The Arrays referred to by realpart and imagpart must have the same dimensionality and must be scalar. The output Array cplx will have complex data type and preserve the dimensionality of the input Arrays. Each element of cplx will have its real component taken from the corresponding element in realpart and have its imaginary component taken from the corresponding element in imagpart. A four-component vector Array can be created from four scalar Arrays using


a.to $c1 $c2 $c3 $c4 v4 = fourvector

All of the input Arrays must have the same dimensionality and be scalar. The output Array will have four components per element and each component will be taken from one of the input Arrays.

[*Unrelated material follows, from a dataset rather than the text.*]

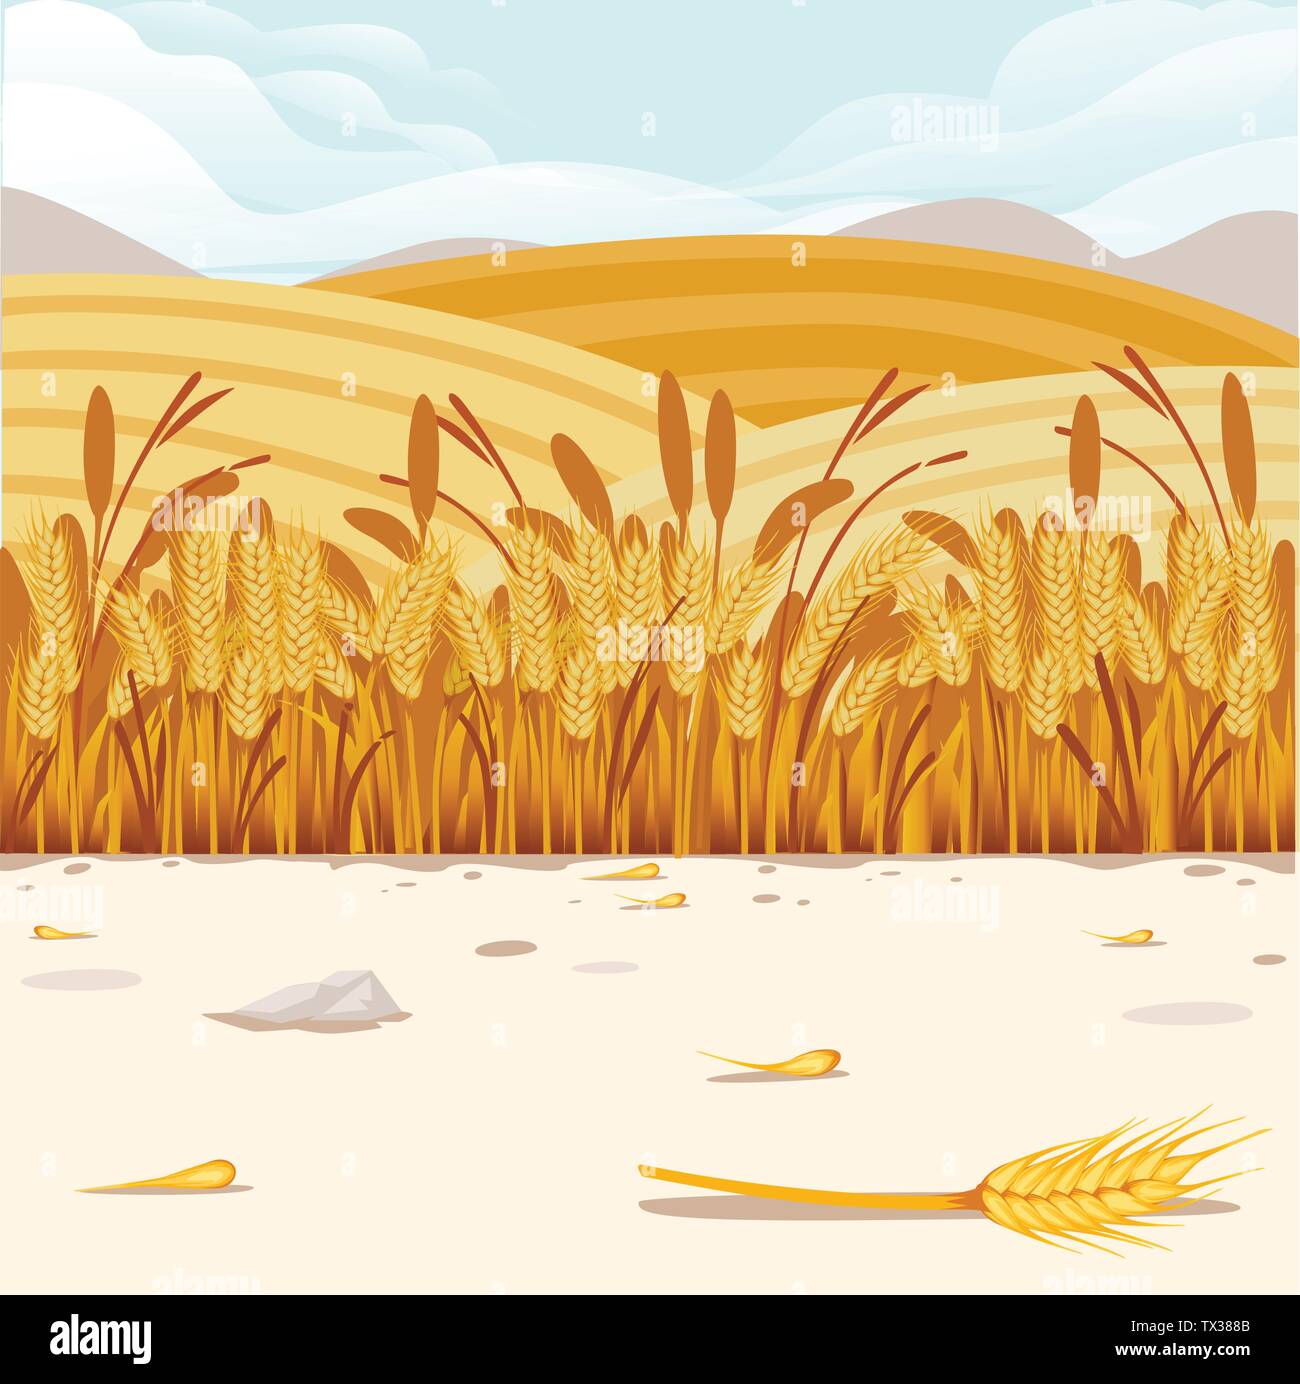 Wheat field illustration with rural landscape and good sunny day on background horizontal banner design Stock Vector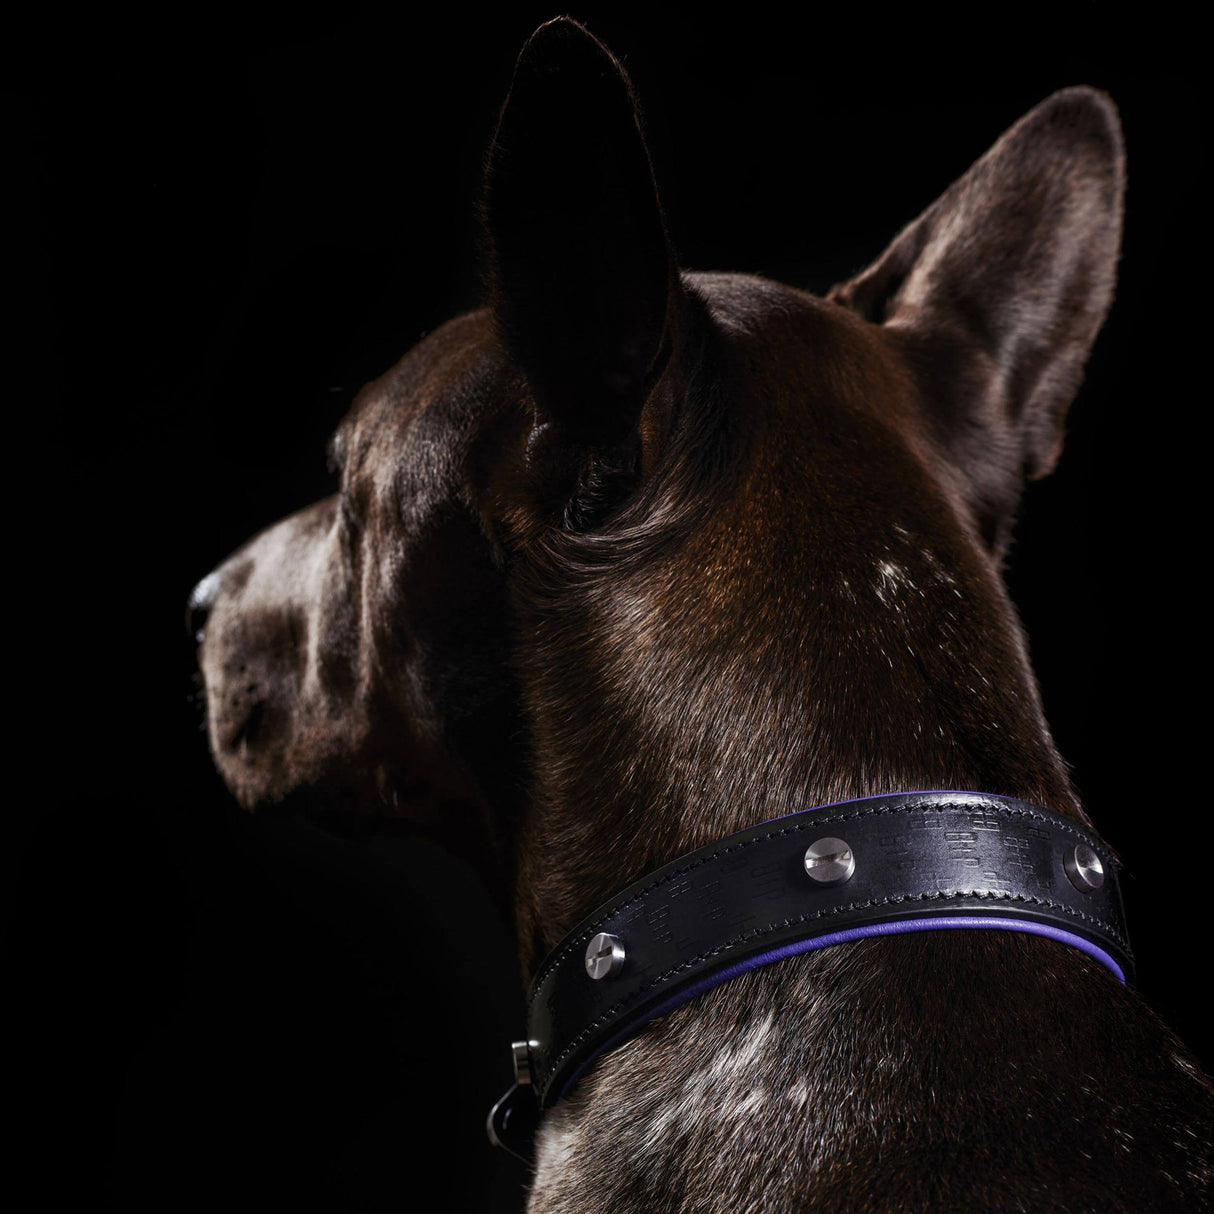 Buster Black and Purple Dog Collar

When performing arithmetic on Arrays with the atomic functions a.add, a.sub, a.mul, and a.div, the data types of the input Arrays are promoted so that the data type of the output Array has the most inclusive data type. For example, Arrays of data type c and uc are promoted to data type s before arithmetic operation if one of the input arguments to the arithmetic atomic functions is of data type s. The result of the operation will also be of type s. Similarly, Arrays of type c, uc, s, and us are promoted to type i if one of the arguments is of type i. All of the integer data types are promoted to f if necessary, and data type f is promoted to d if one of the arguments is double precision floating point. Finally, if any of the arguments is complex, then all of the others are promoted to complex. The vector data types are not generally convertible between one another, so no promotion occurs.

Internal Representation

Internally in computer memory, each Array is represented by a structure describing the format of the Array and a separate block of memory holding the data values. The structure describing the format of the Array specifies the data type, the rank, and the number of columns, rows, etc. The data for a particular Array is held in a single contiguous block of memory. Each element occupies space contiguous with the next element. For multidimensional Arrays, the consecutive column indices address consecutive elements. Row indices are vary next, followed by plane and slice indices. For example, a three-dimensional Array with two columns, three rows, and two planes represented by the string

(((1 2)(3 4)(5 6))((7 8)(9 10)(11 12)))

has the values 1 through 12 stored consecutively in memory. Arrays of data type c and uc are represented by 8-bit bytes, s and us are represented by pairs of bytes, i, ui, and f by four bytes, d by eight bytes, and complex by a pair of four-byte quantities. Each component of a vector Array is represented by a four byte floating point number. All components of a single element are contiguous, and each successive element is contiguous with the previous element. The atomic function a.shape can be used to change the dimensionality of an Array as long as the order of the Array elements in memory is not required to change. For example, the three-dimensional Array represented by the string above can be shaped into a one-dimensional Array using the command line

a.shape (((1 2)(3 4)(5 6))((7 8)(9 10)(11 12))) 12

The output of the command is a one-dimensional Array with the consecutive elements


(1 2 3 4 5 6 7 8 9 10 11 12)

Only the structure specifying the Array is modified, not the data block itself.